--- What you need to do ---
Repeat only the stretch of lines below that runs from the line with "Luggage transport consulting" through the line with "RIXO Selma Dress - Multi Spring Meadow", unaltered.

--- Extracted information ---
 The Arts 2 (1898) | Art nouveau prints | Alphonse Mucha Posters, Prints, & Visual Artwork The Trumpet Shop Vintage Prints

* * *

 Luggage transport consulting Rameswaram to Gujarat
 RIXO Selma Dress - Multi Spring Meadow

--

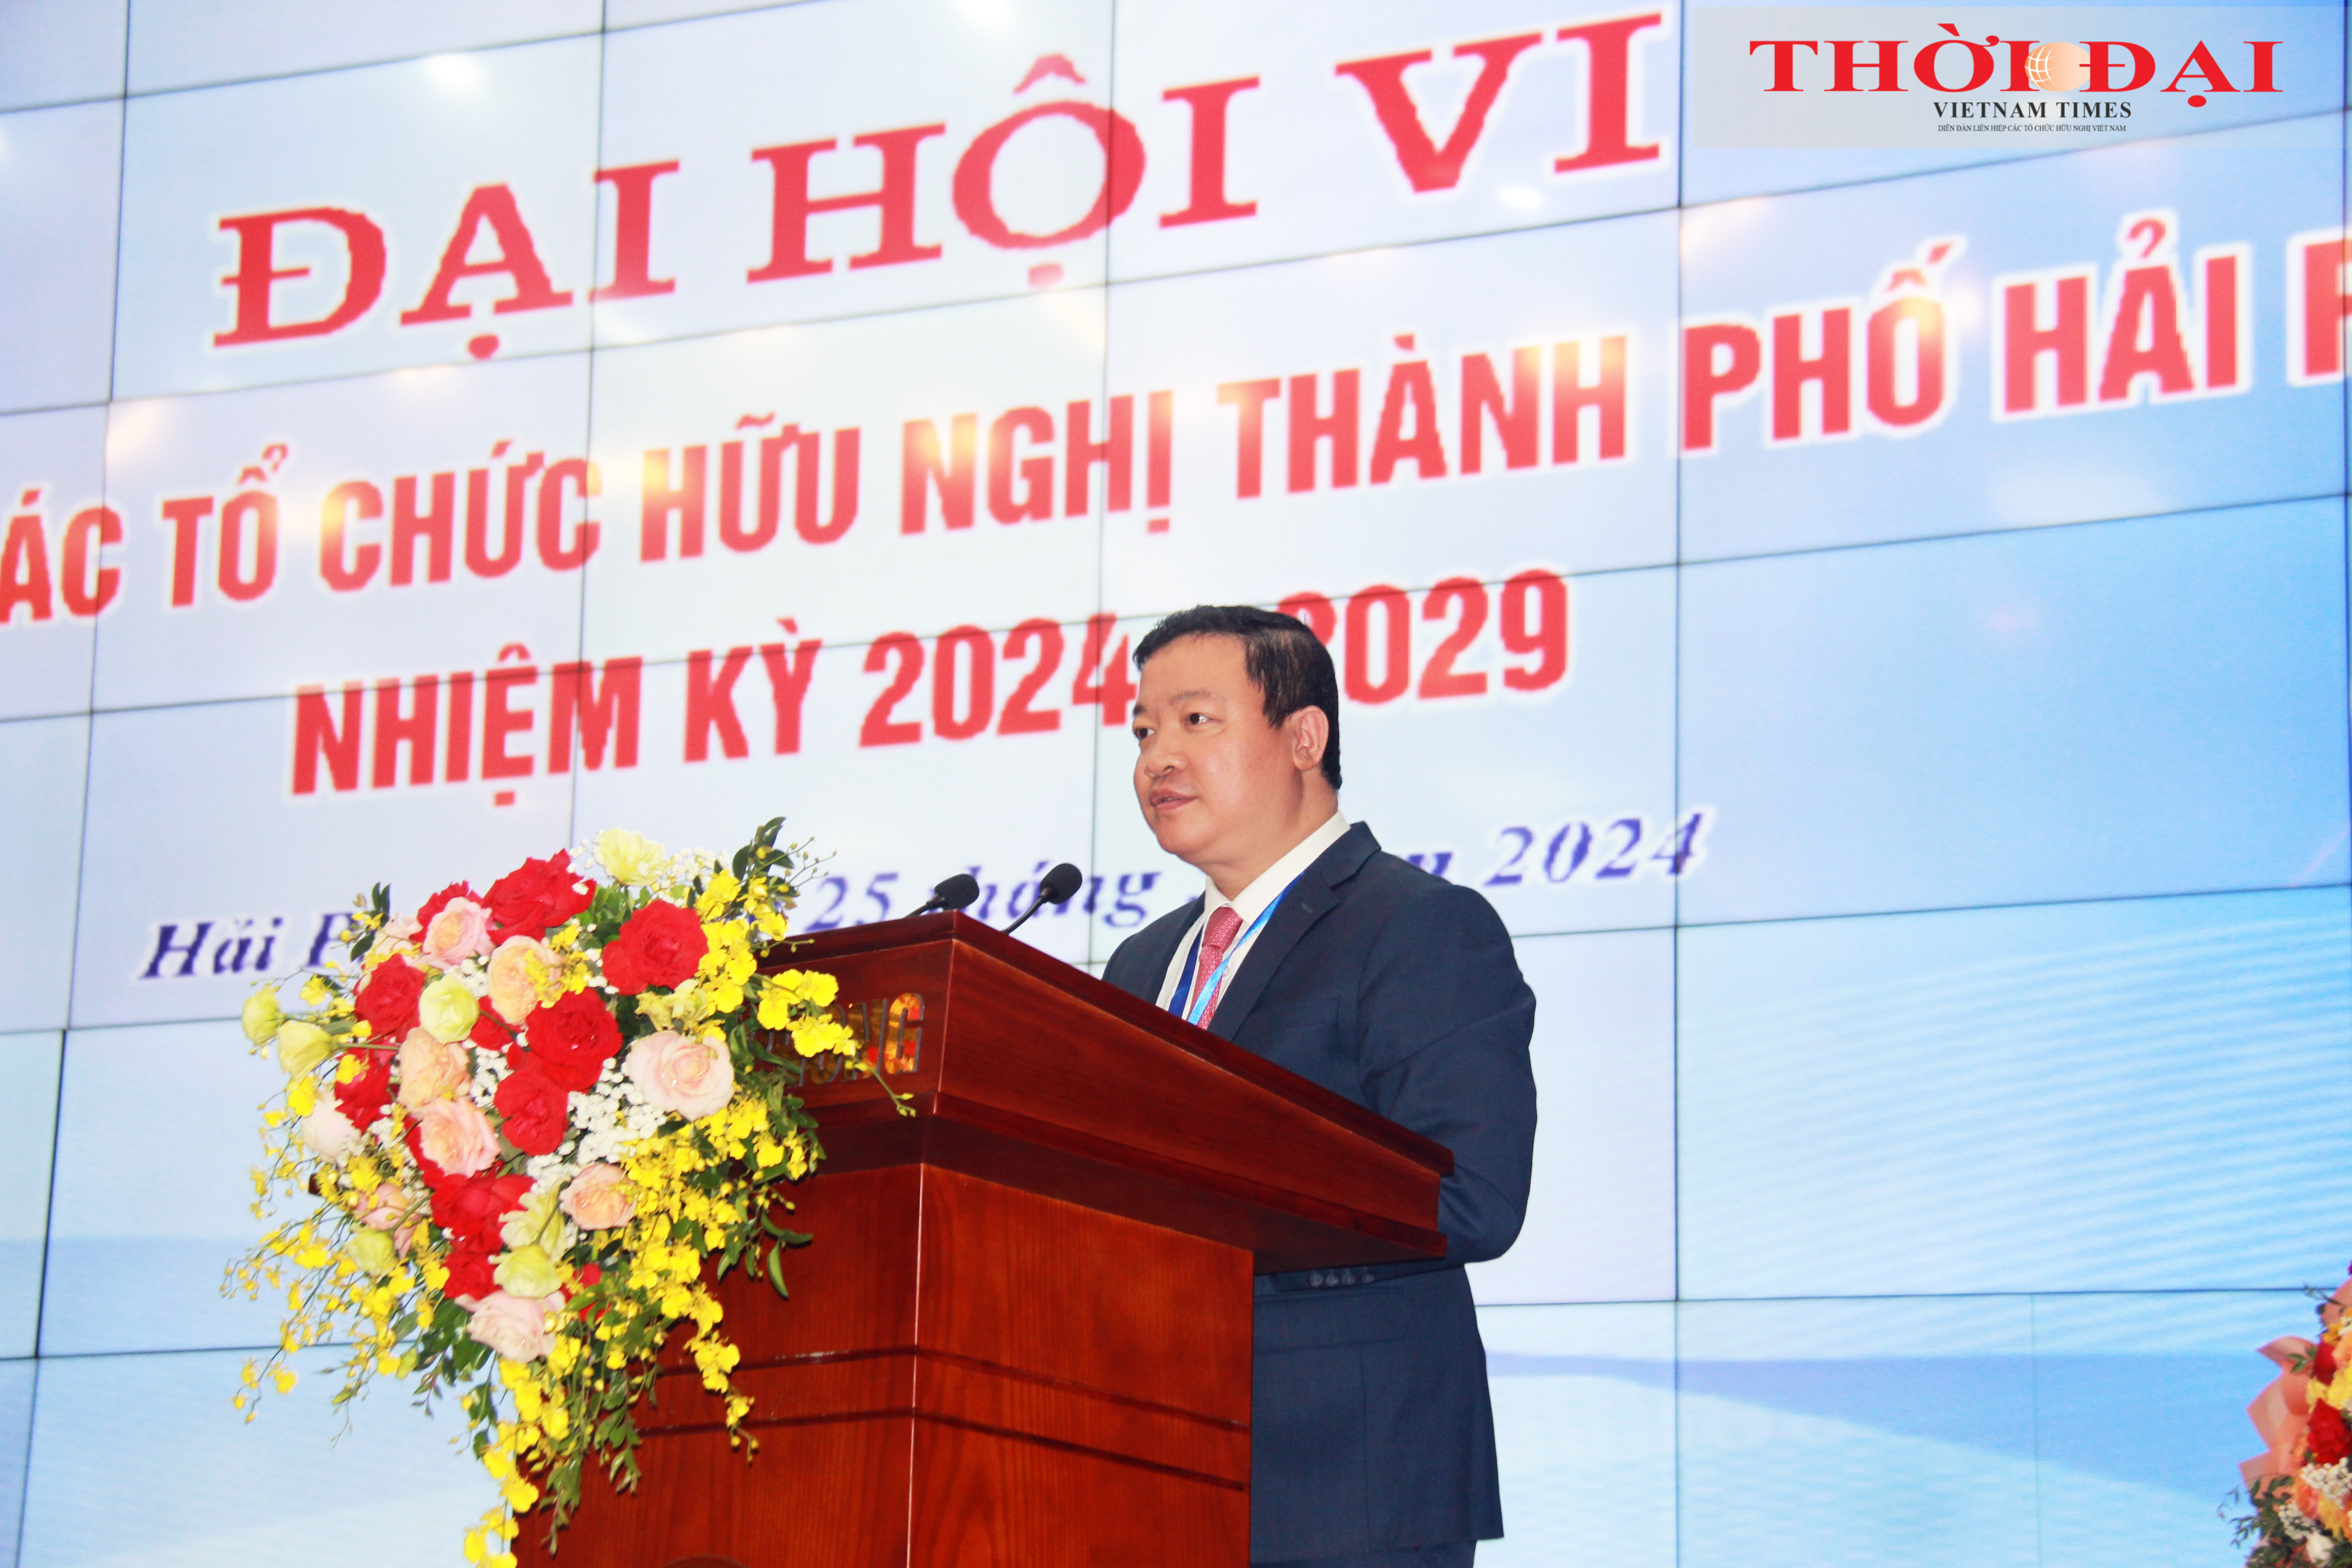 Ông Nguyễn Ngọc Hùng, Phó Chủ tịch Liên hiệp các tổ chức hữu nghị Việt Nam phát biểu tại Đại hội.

--- Response ---
 Luggage transport consulting Rameswaram to Gujarat
 RIXO Selma Dress - Multi Spring Meadow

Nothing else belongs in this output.